Bush's actions were unprecedented. During every previous major war in American
history, presidents demanded sacrifices from rich and poor alike. As Robert
Hormats explains in his 2007 book, The Price of Liberty: Paying for America's
Wars, "During most of America's wars, parochial desires--such as tax breaks
for favored groups or generous spending for influential constituencies--have
been sacrificed to the greater good. The president and both parties in Congress
have come together … to cut nonessential spending and increase taxes."
During World War II, federal revenues roughly tripled as a share of the gross
domestic product (GDP) and the number of people paying income taxes expanded
tenfold, from 3% of the population in 1939 to 30% by 1943. In 1940, a family of
four needed close to $80,000 of income in today's dollars before it paid any
federal income taxes at all. By the war's end, it saw its effective tax rate
rise from 1.5% to 15.1%. (Today such a family only pays a federal income tax
rate of about 6%.) But taxes weren't the only way the war was paid for. Spending
on nondefense programs was cut almost in half, from 8.1% of GDP in 1940 to 4.4%
in 1945.
Even during wars closer in magnitude to those in which we are presently engaged,
significant sacrifices were made. In 1950 and 1951 Congress increased taxes by
close to 4% of GDP to pay for the Korean War, even though the high World War II
tax rates were still largely in effect. In 1968, a 10% surtax was imposed to pay
for the Vietnam War, which raised revenue by about 1% of GDP. And there was
conscription during both wars, which can be viewed as a kind of tax that was
largely paid by the poor and middle class--young men from wealthy families
largely escaped its effects through college deferments.

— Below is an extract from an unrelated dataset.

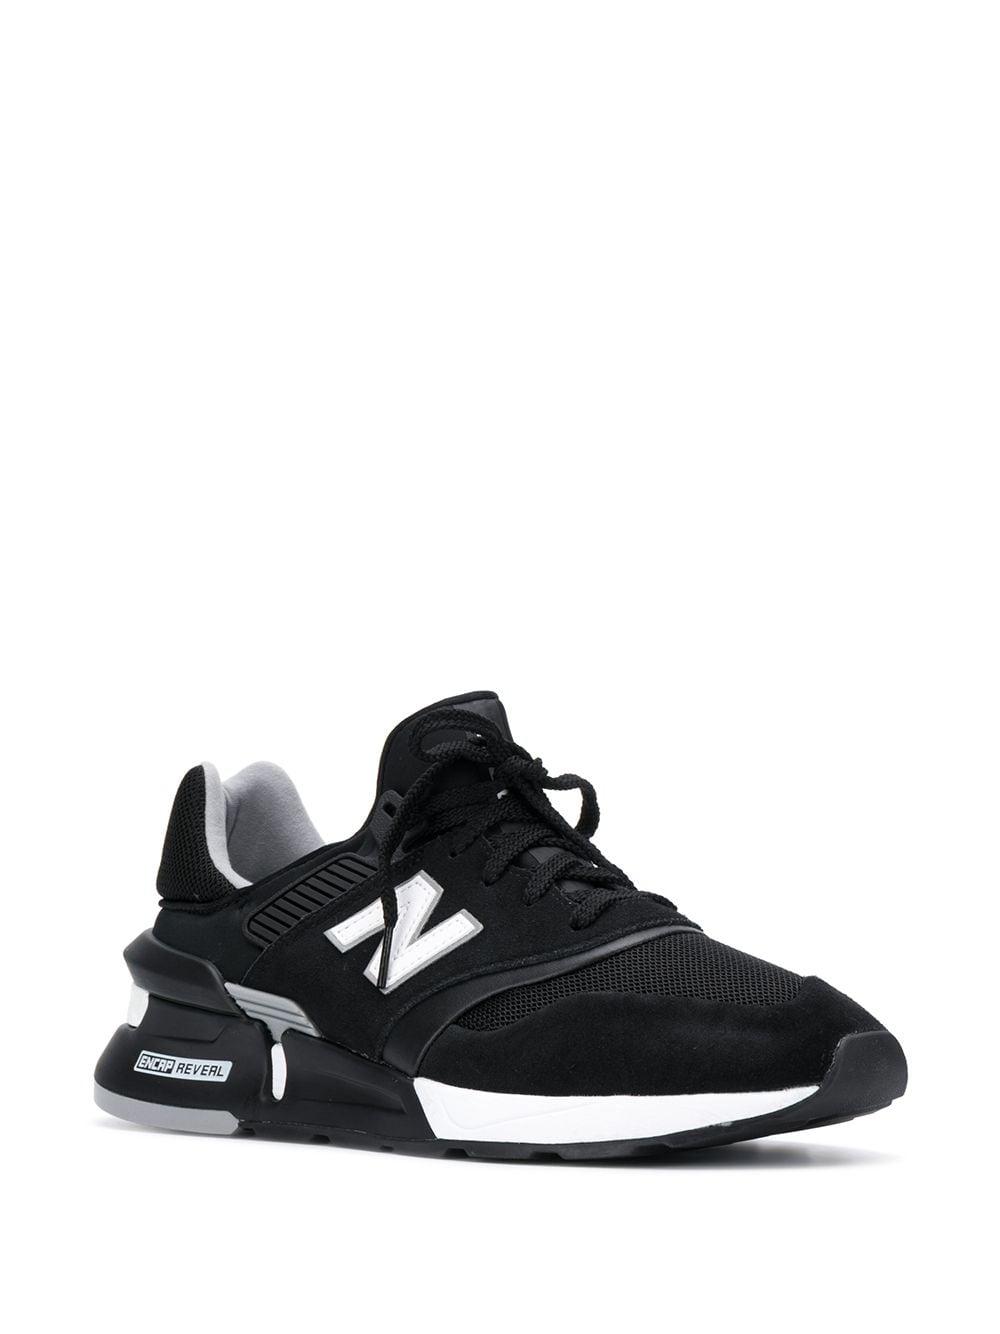 New Balance Rubber 997 Encap Reveal Sneakers in Black for Men - Lyst

However, Bush and his party, which controlled Congress from 2001 to 2006, never
asked for sacrifices from anyone except those in our nation's military and their
families. I think that's because the Republicans understood, implicitly, that
the American people's support for the wars in Iraq and Afghanistan has always
been paper thin. Asking them to sacrifice through higher taxes, domestic
spending cuts or reinstatement of the draft would surely have led to massive
protests akin to those during the Vietnam era or to political defeat in 2004.
George W. Bush knew well that when his father raised taxes in 1990 in part to
pay for the first Gulf War, it played a major role in his 1992 electoral defeat.